Background
Gallbladder cancer (GBC) is the seventh most common gastrointestinal cancer. Suppression of autophagy contributes to cell death of gallbladder cancer. Gensenoside Rg3 sensitizes tumor cells to chemotherapeutic agents through autophagy inhibition. However, its role mechanism on the progression of GBC remains vague. The present study is aimed to explore the functional action of Rg3 on GBC progression.
Conclusion
Collectively, these data indicates that miR-181b possibly mediates the pathologic progression of GBC by CREBRF/CREB3 signaling pathways and impairs anti-tumor effects of Rg3 on GBC development, which suggests that miR-181b might be an key switch in the process of Rg3-mediated tumor cytotoxicity in the progression of GBC.
Methods
Expression of miR-181b and CREBRF in human gallbladder carcinoma specimen were determined by western blotting and qRT-PCR. Biological character of tumor cells were assessed by FACS, CCK8 and xenograft assays, respectively. Dual luciferase assay was employed to explore the targeting site of miR-181b. Autophagy flux was detected by IF staining.
Results
MiR-181b expression was increased, while CREBRF expression was reduced in GBC specimens compared to adjacent normal tissues.

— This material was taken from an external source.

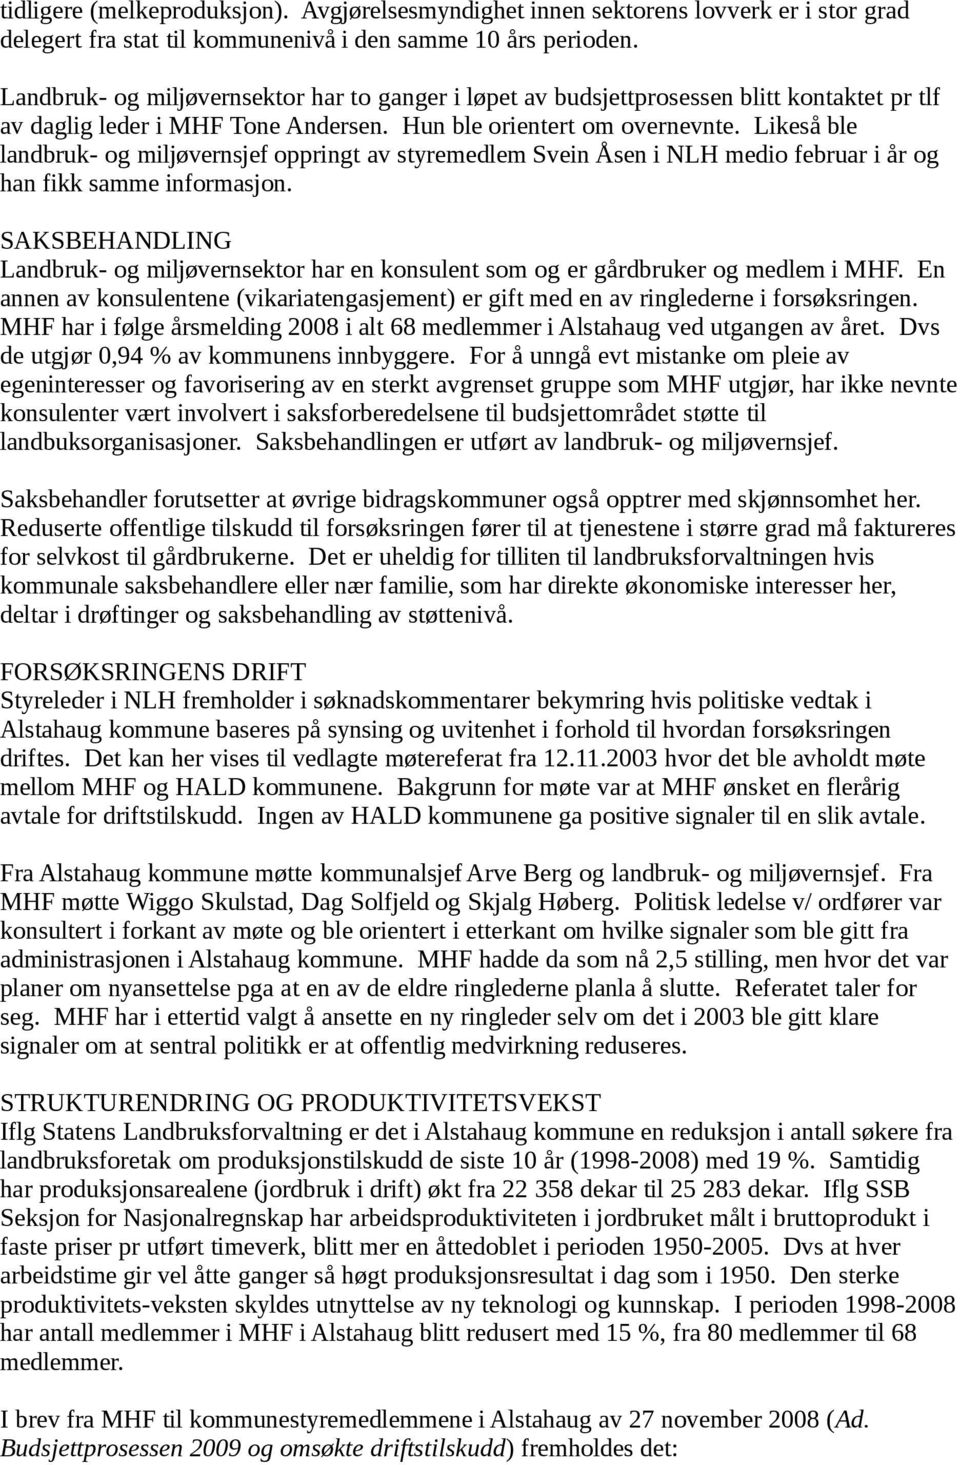 Likeså ble landbruk- og miljøvernsjef oppringt av styremedlem Svein Åsen i NLH medio februar i år og han fikk samme informasjon.
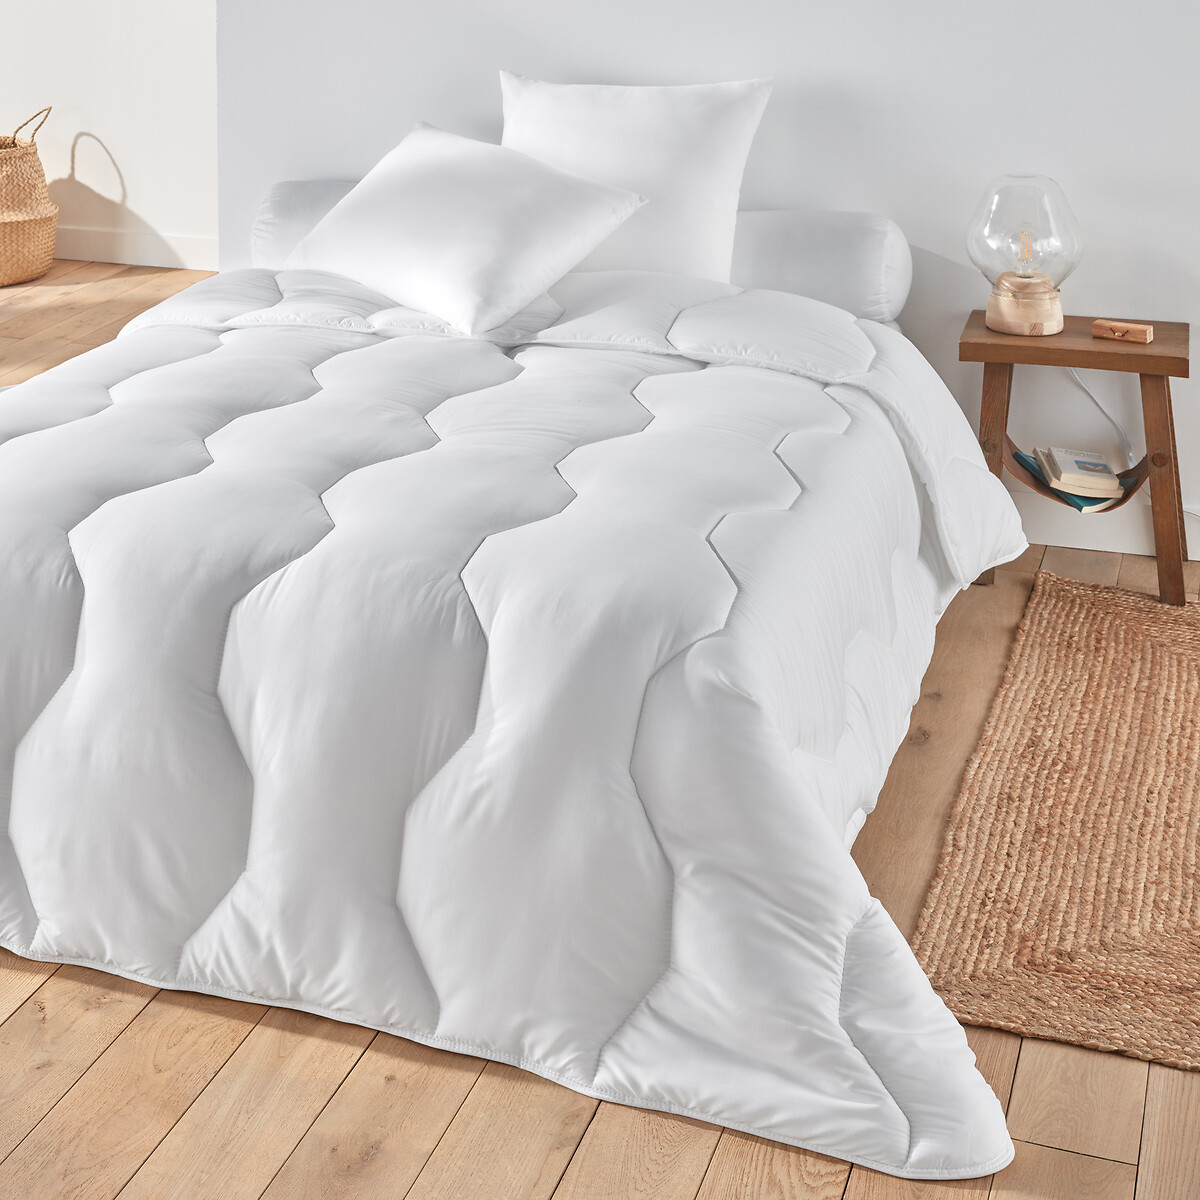 Одеяло Pratique 100 полиэстер качество стандарт 140 x 200 см белый

Based on Catalogue of Somatic Mutations in Cancer (COSMIC) database (408 GBC samples), there was negative correlation between hsa-miR-181b-5p/-3p and CREBRF which was a direct targeting of miR-181b. miR-181b mimic promoted cell proliferation and autophagy, restrained cell apoptosis by regulating CREBRF/CREB3 pathway. As an anti-tumor agent, gensenoside Rg3 inhibited cell proliferation and tumor growth, while promoted cell apoptosis by inhibiting autophagy. However, exogenous miR-181b blunted Rg3-evoked anti-tumor effect possibly by inhibiting CREBRF/CREB pathway.